After a bit of digging, I can replicate this error by removing the proxychains.conf file, so I suspect what is going on is that for some reason proxychains isn't picking up the conf file. Are you running this command from inside the servo-warc-tests directory?

cubetastic33 commented 6 years ago

@asajeffrey No. As you can see in the output I have shown above, both of them are executed from the home directory, but the first one is inside a virtual env.

asajeffrey commented 6 years ago

Ah, you need to run the commands from the servo-warc-tests directory, so that proxychains will find its config file.

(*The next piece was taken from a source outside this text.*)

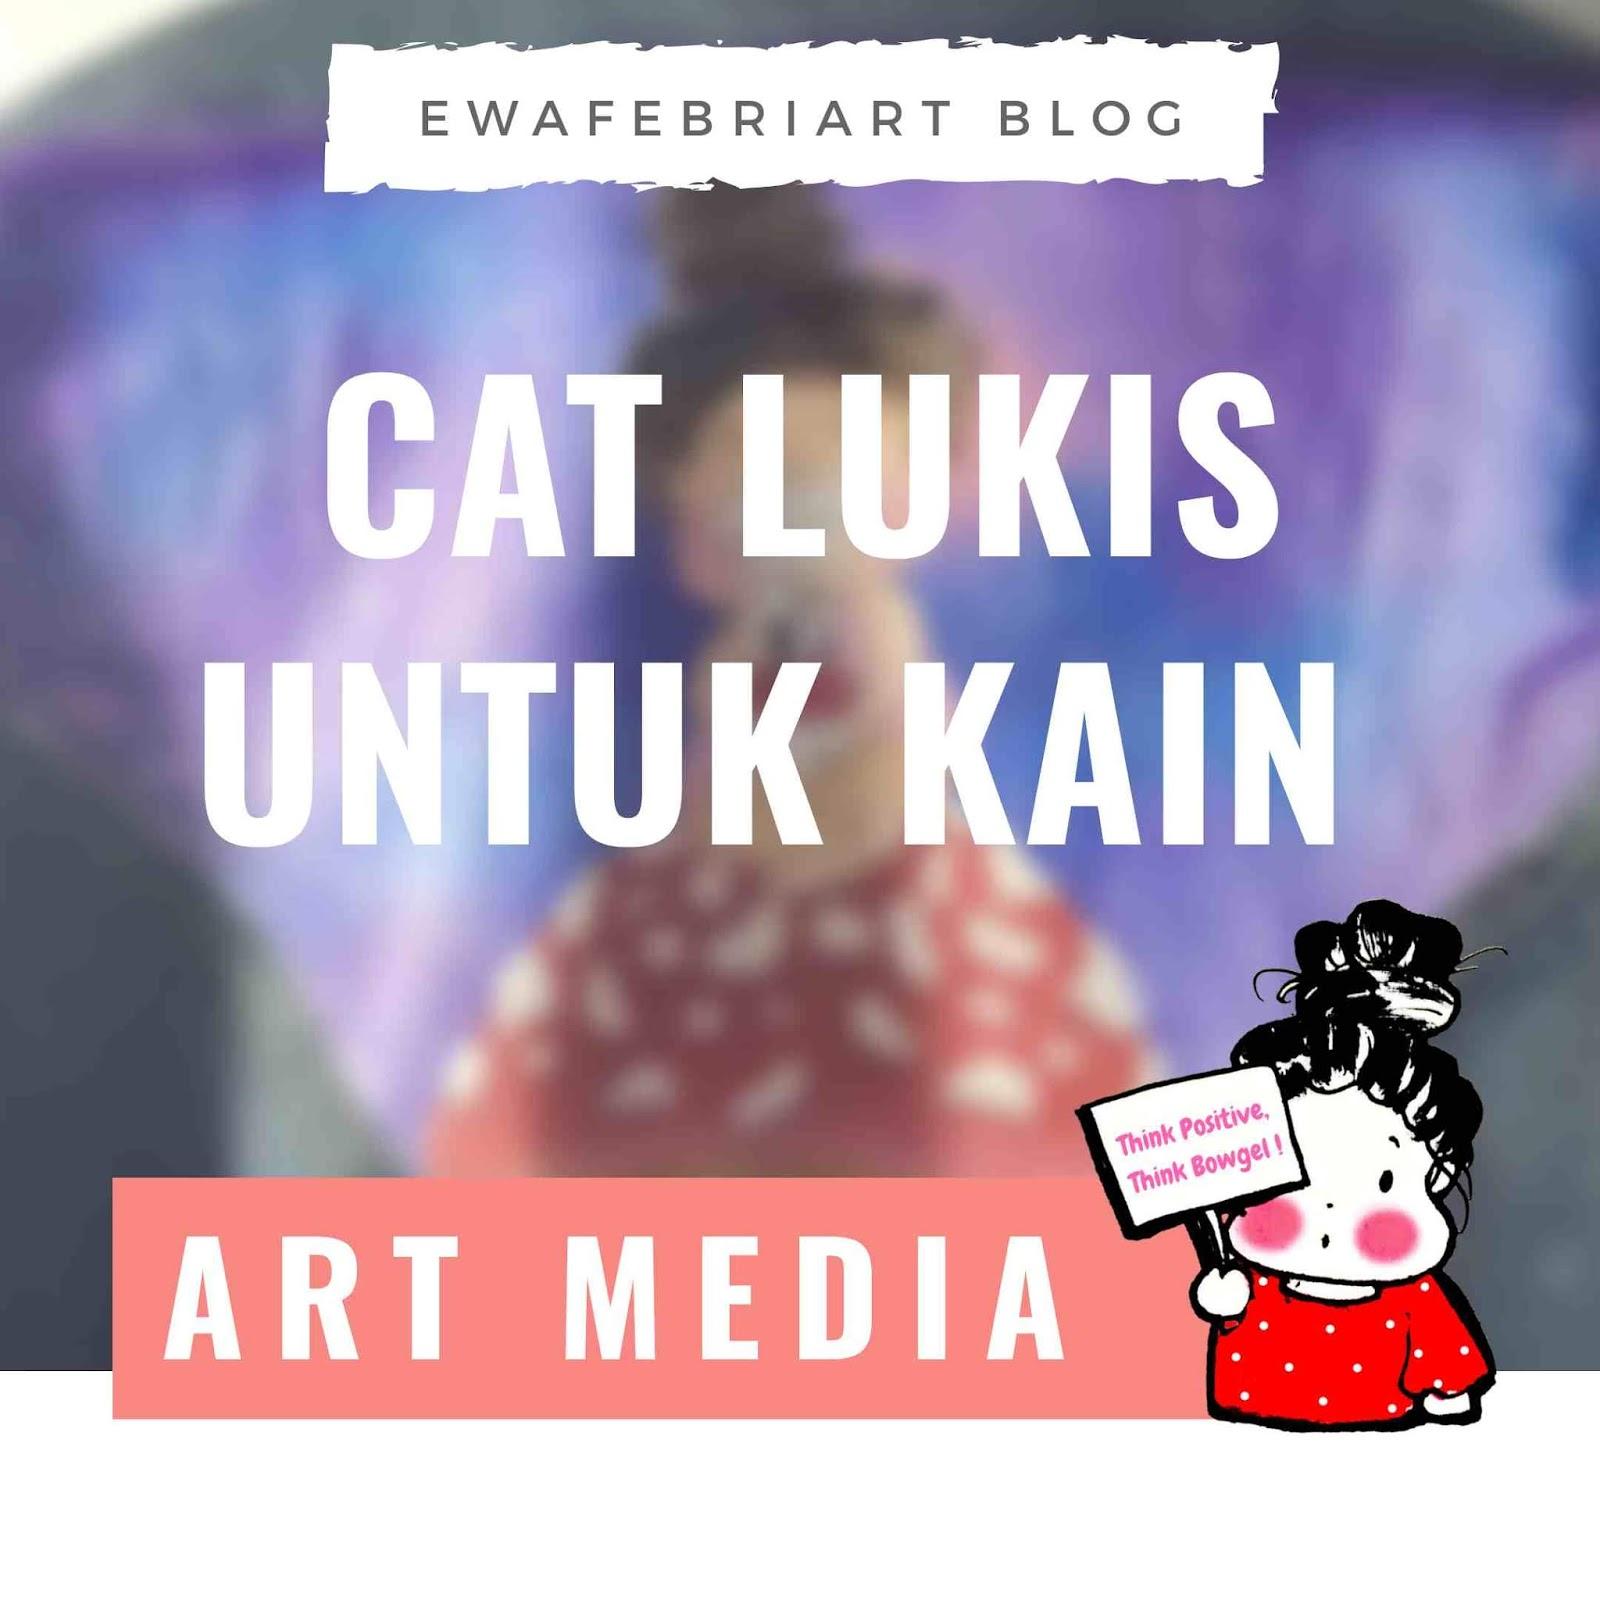 Cat Lukis Untuk Kain Ewafebriart

cubetastic33 commented 6 years ago

@asajeffrey I'm sorry, but where exactly would the directory you're talking about be?

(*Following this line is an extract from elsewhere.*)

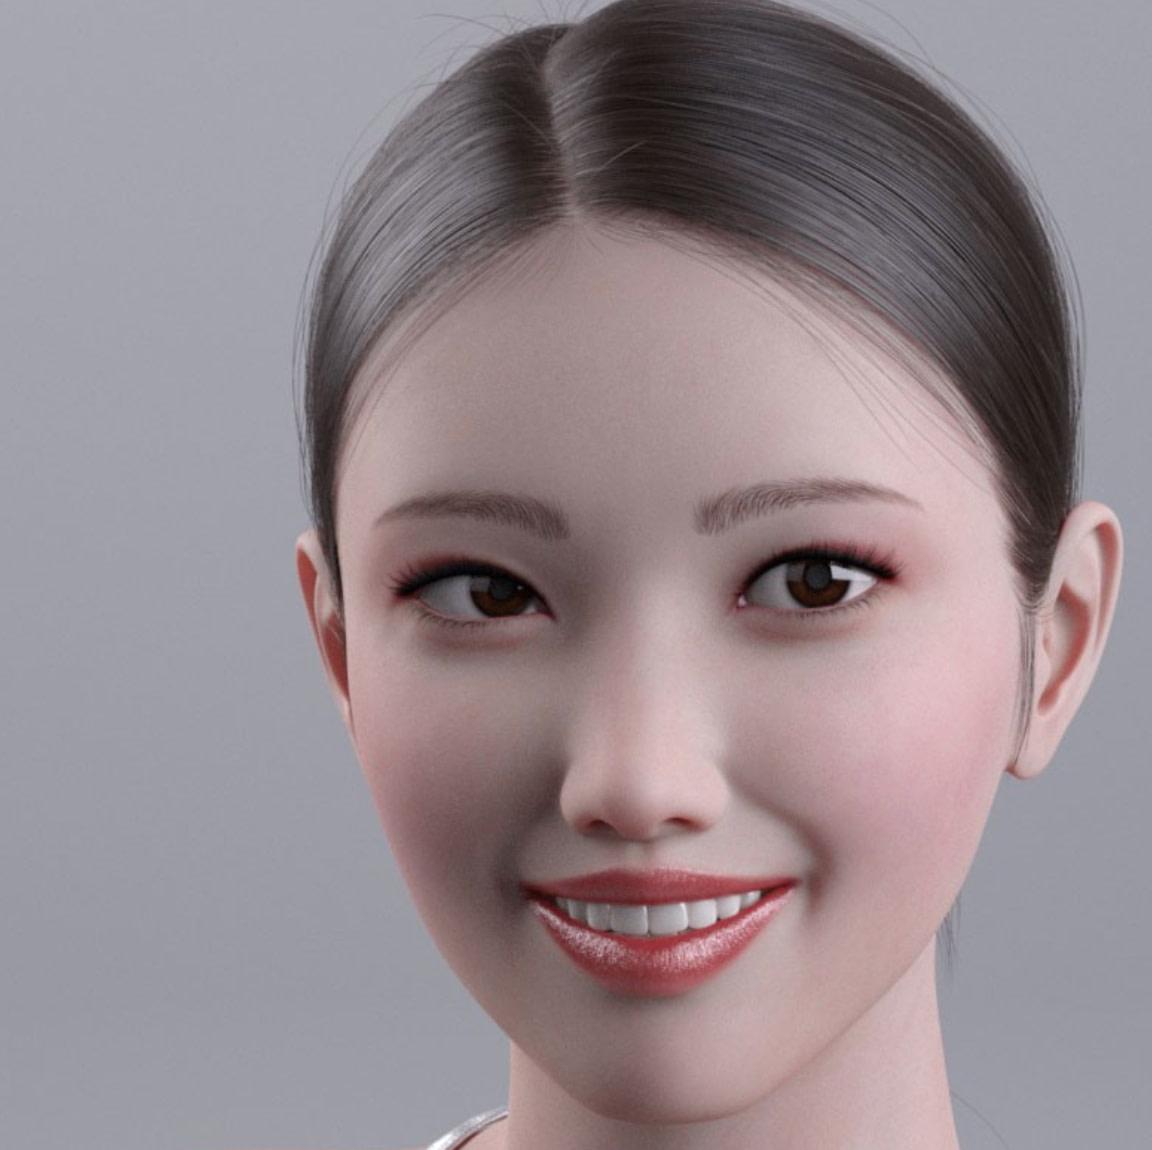 kim seohyun genesis 8 daz3d asian female

asajeffrey commented 6 years ago

The clone of the servo-warc-tests repo.

cubetastic33 commented 6 years ago

@asajeffrey Great! I recorded instagram.com. I did get an error though: ERROR 2018-09-07T15:47:58Z: script::dom::bindings::error: Error at https://staticxx.facebook.com/connect/xd_arbiter/r/0P3pVtbsZok.js?version=42#channel=f187fab468e0166&origin=https%3A%2F%2Fwww.instagram.com:60:2139 /https?/.exec(...) is null but that just seems to be a JS error because of instagram. Now what should I do?

asajeffrey commented 6 years ago

You can ignore that error, Once you've recorded the archive, add it to the ARCHIVES file, then create a PR.

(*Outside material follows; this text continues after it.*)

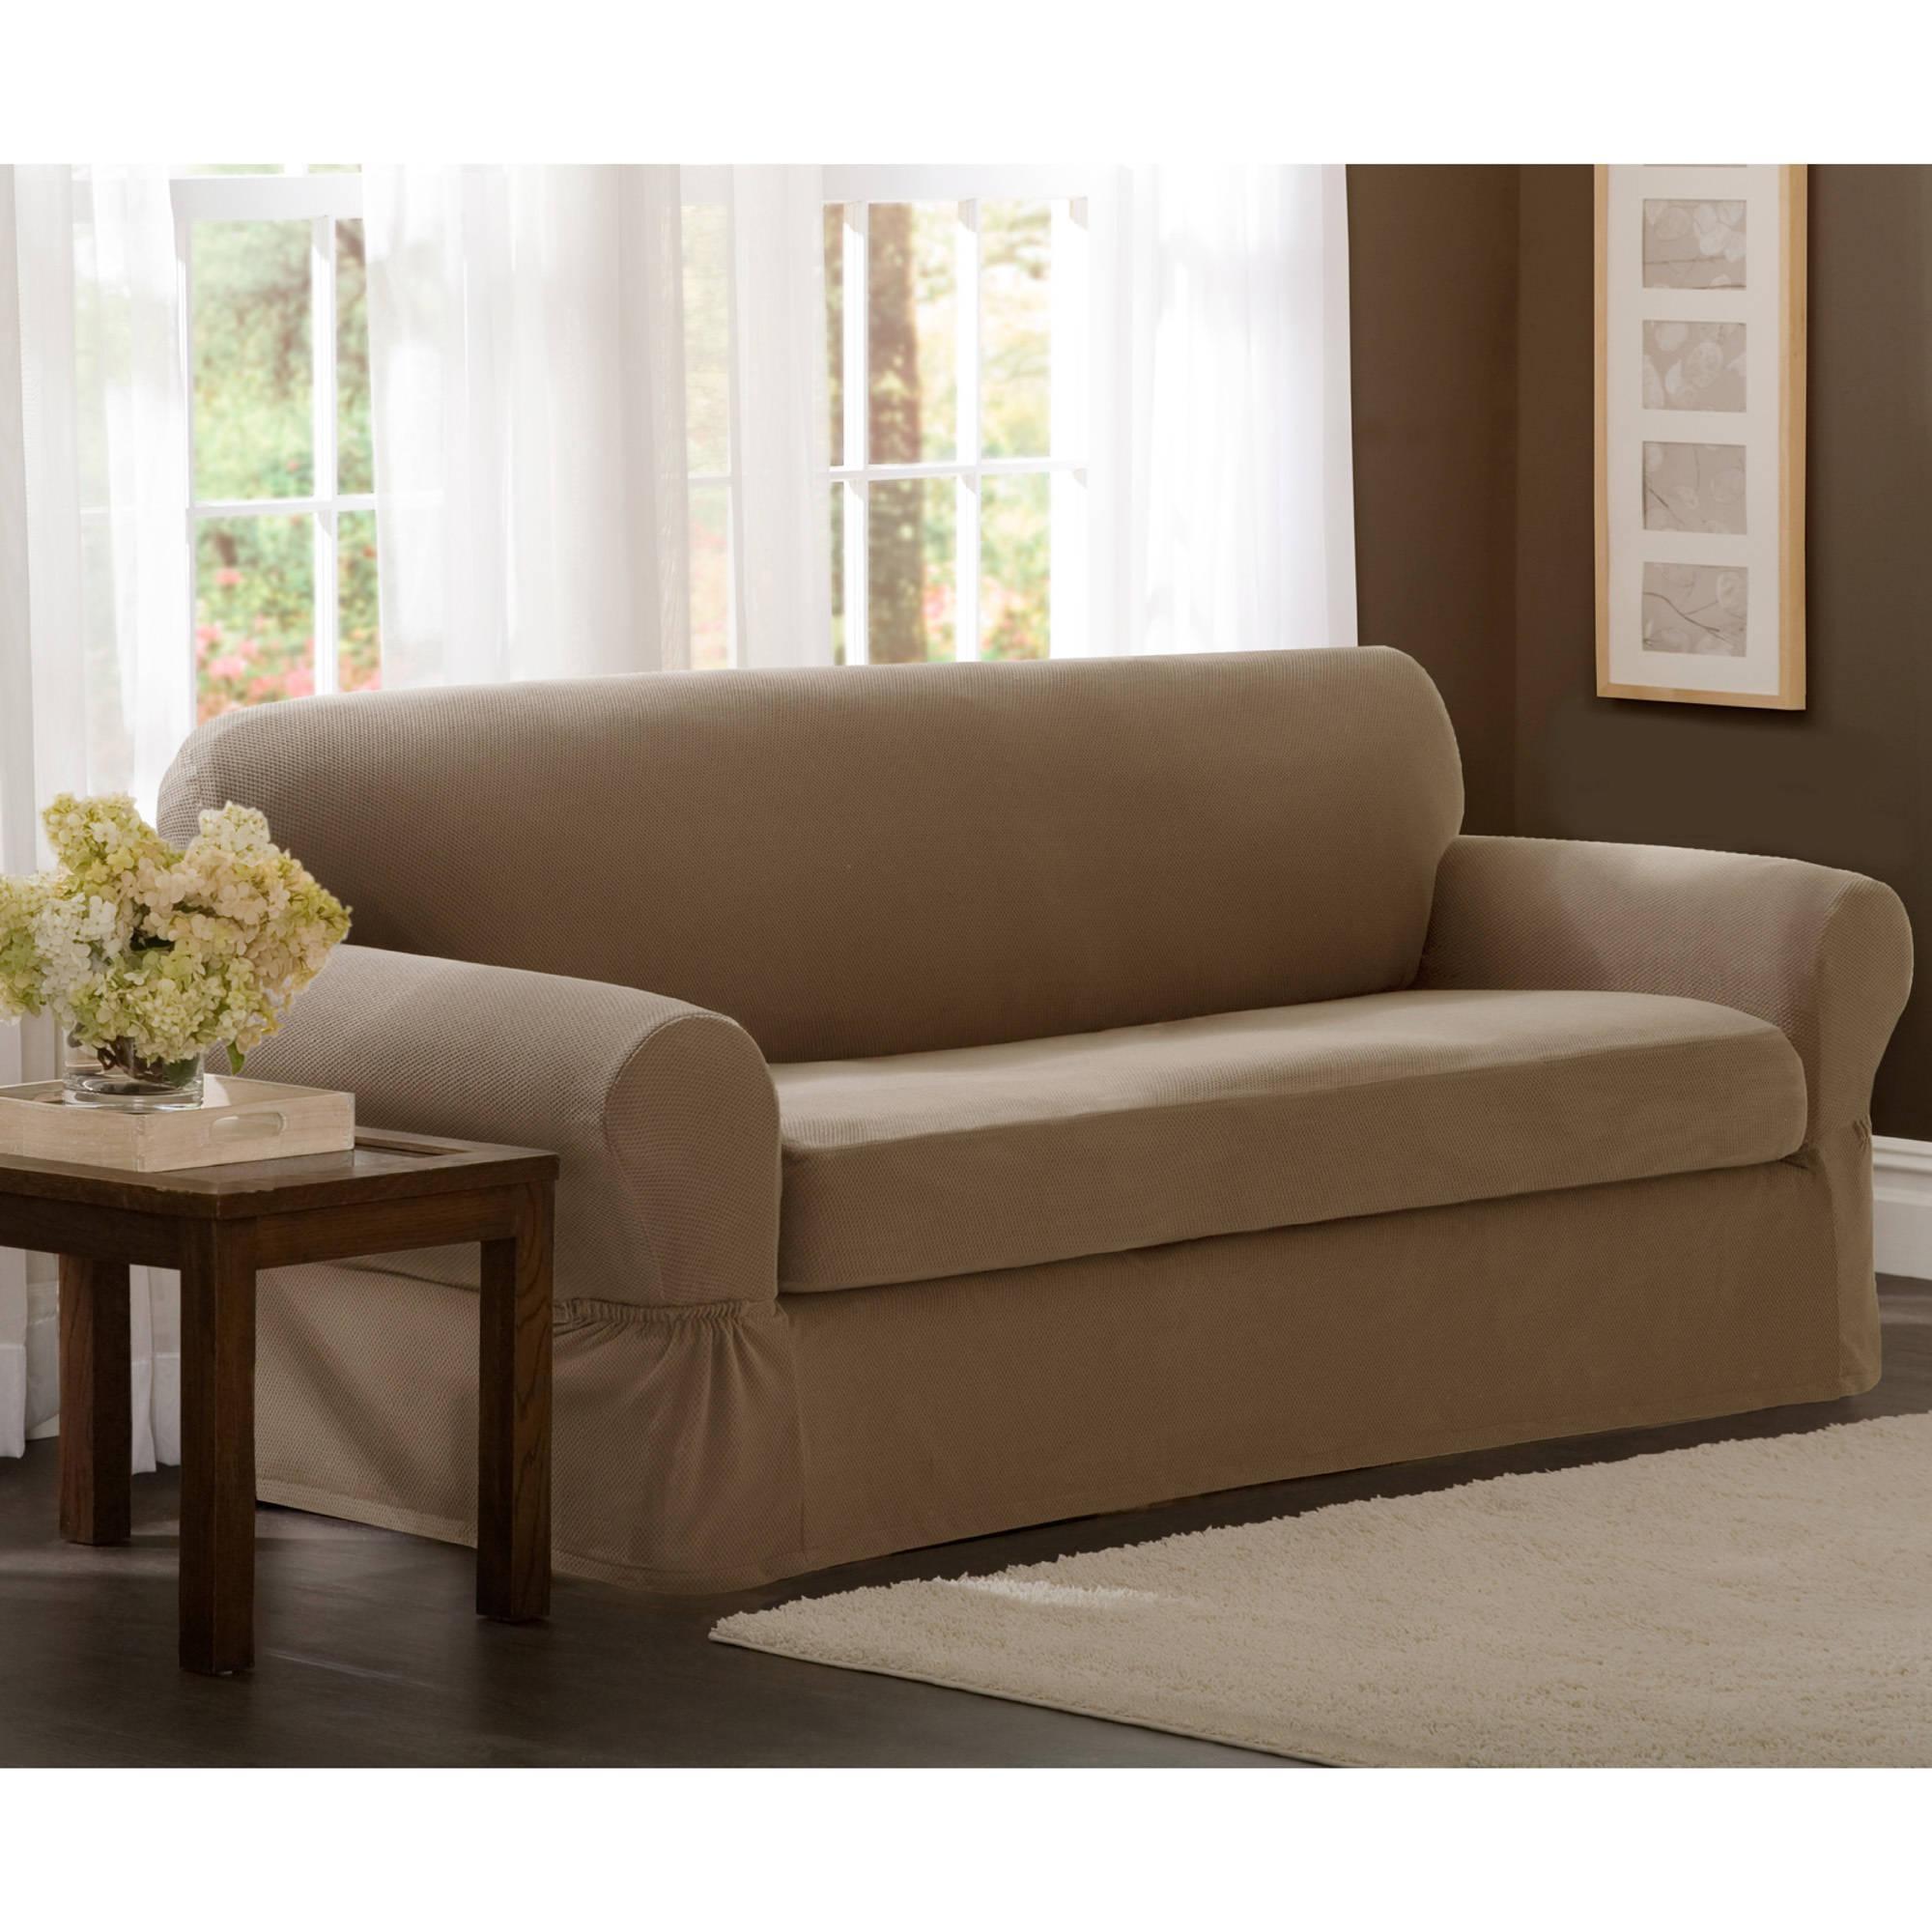 7 piece sofa covers light blue throws 20 top stretch slipcovers for sofas ideas

cubetastic33 commented 6 years ago

@asajeffrey I don't really get it. The ARCHIVES file just seems to be a list of all the completed sites. Don't I have to show my recorded archive as well? Also, 360.cn is there in the ARCHIVES file, but the issue is still open and it is still unchecked in the main issue (#37).

asajeffrey commented 6 years ago

Yes, add an entry Instagram: https://instagram.com/ to the ARCHIVES file, so the archive will be tested each night. (Assuming you recorded https://instagram.com/ in an archive called Instagram.)

cubetastic33 commented 6 years ago

@asajeffrey Who will be testing the archive each night?

asajeffrey commented 6 years ago

It's run as part of our nightly testing, the results are at https://servo.org/dashboards/

cubetastic33 commented 6 years ago

@asajeffrey Then what exactly is my role in it? I mean - if all I had to do was to add that one line in ARCHIVES, anybody could do it! So - what was the reason I had to record it myself? Sorry for asking so many questions - I just didn't understand...

asajeffrey commented 6 years ago

The nightly job records the performance against the recorded archive. Recording the archive itself is still a manual process.

cubetastic33 commented 6 years ago

@asajeffrey so, doesn't that mean my Archive should be included somewhere in this repository? However, I'm just adding a line to the ARCHIVES file!

asajeffrey commented 6 years ago

IRC chat: https://mozilla.logbot.info/servo/20180907#c15281406

cubetastic33 commented 6 years ago

@asajeffrey How do you close this issue?